Mundo ficciónIniciar sesiónMarcella Zubiri sufre acoso a menudo, la llaman gorda, cerda y fea, a pesar de ser inteligente y capaz. Con el corazón roto cuando el hombre que ama la humilla el día de su boda, abandona su país decidida a cambiar de vida. Sola y perdida, conoce a un misterioso y atractivo desconocido —a quien asume que es un gigoló— que la ayuda a transformarse en una mujer segura y deslumbrante. Al regresar, sorprende a todos, incluido a su exprometido, solo para descubrir que su salvador es Shane Lewis, el hombre más rico del mundo. Pero las mentiras, los celos y la traición amenazan su felicidad. ¿Podrá Marcella encontrar finalmente el amor y el respeto que merece?
Leer másMarcella
Caminé a paso ligero por los pasillos del hospital, apretando contra el pecho mi libro de medicina. Hoy era mi primer día como interna, y aunque me había esforzado tanto para llegar hasta aquí, sentía el peso familiar de las miradas y los susurros a cada paso.

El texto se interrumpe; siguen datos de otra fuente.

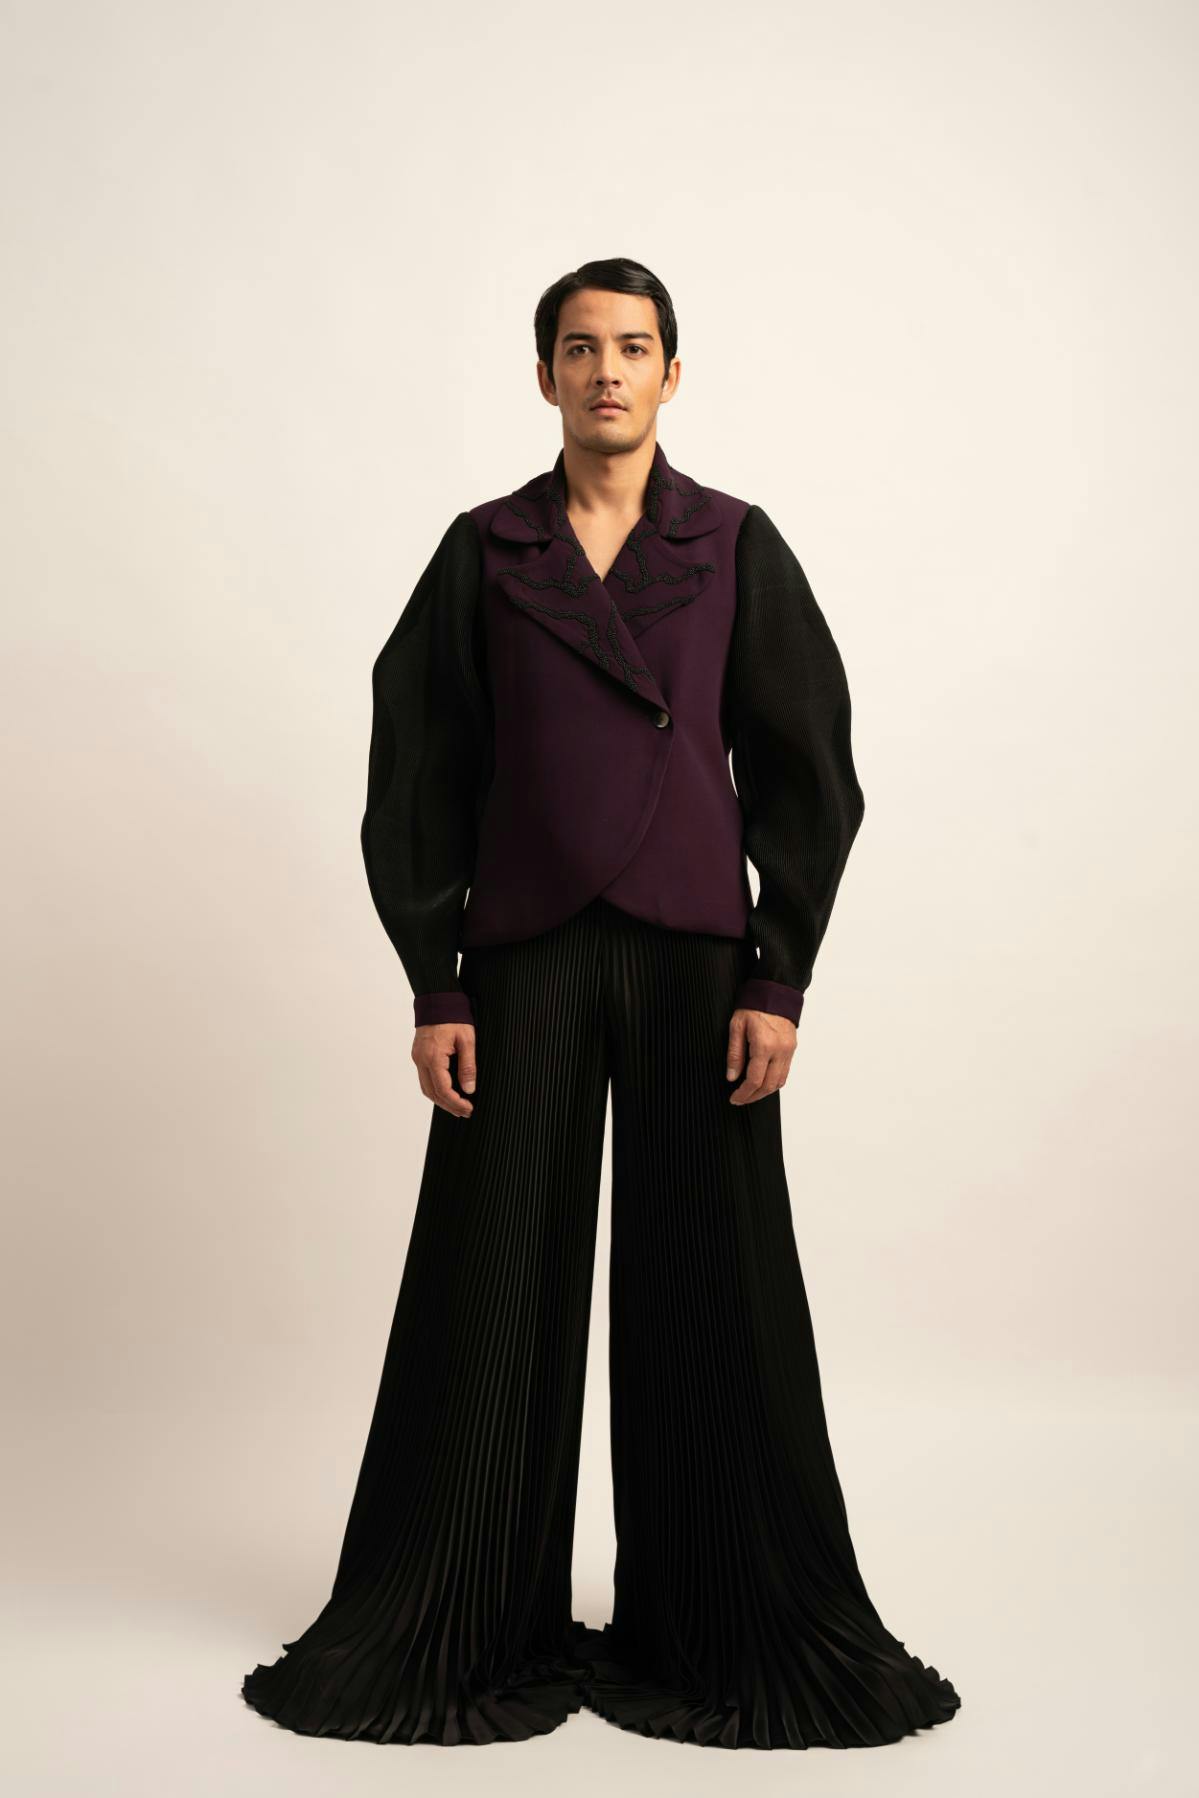 The Vanguard Trousers, a product by Siddhant Agrawal Label

Me había acostumbrado con los años, a los comentarios crueles sobre mi tamaño, a las risas burlonas. Había aprendido a mantener la cabeza baja e ignorarlo, por mucho que me doliera.
Al pasar por la estación de enfermeras, oí a una empleada murmurar en voz alta: "Mira, la Señorita Cerdita está aquí. Pensé que era una vaca con uniforme de médico".
Un estudiante rió disimuladamente: "¡Alerta de cerdita gorda!".
Otro añadió: "¿Cabe siquiera en un pasillo?".
Los pacientes susurraban con las manos en la cabeza: "Vaca fea".
"Camina más rápido, cerdita".
"Que alguien saque a esa gorda de aquí". Me ardían las mejillas y quería hundirme en el suelo. Mantuve la vista fija en las baldosas y seguí caminando. Responder nunca servía de nada. Lo había aprendido hacía mucho tiempo.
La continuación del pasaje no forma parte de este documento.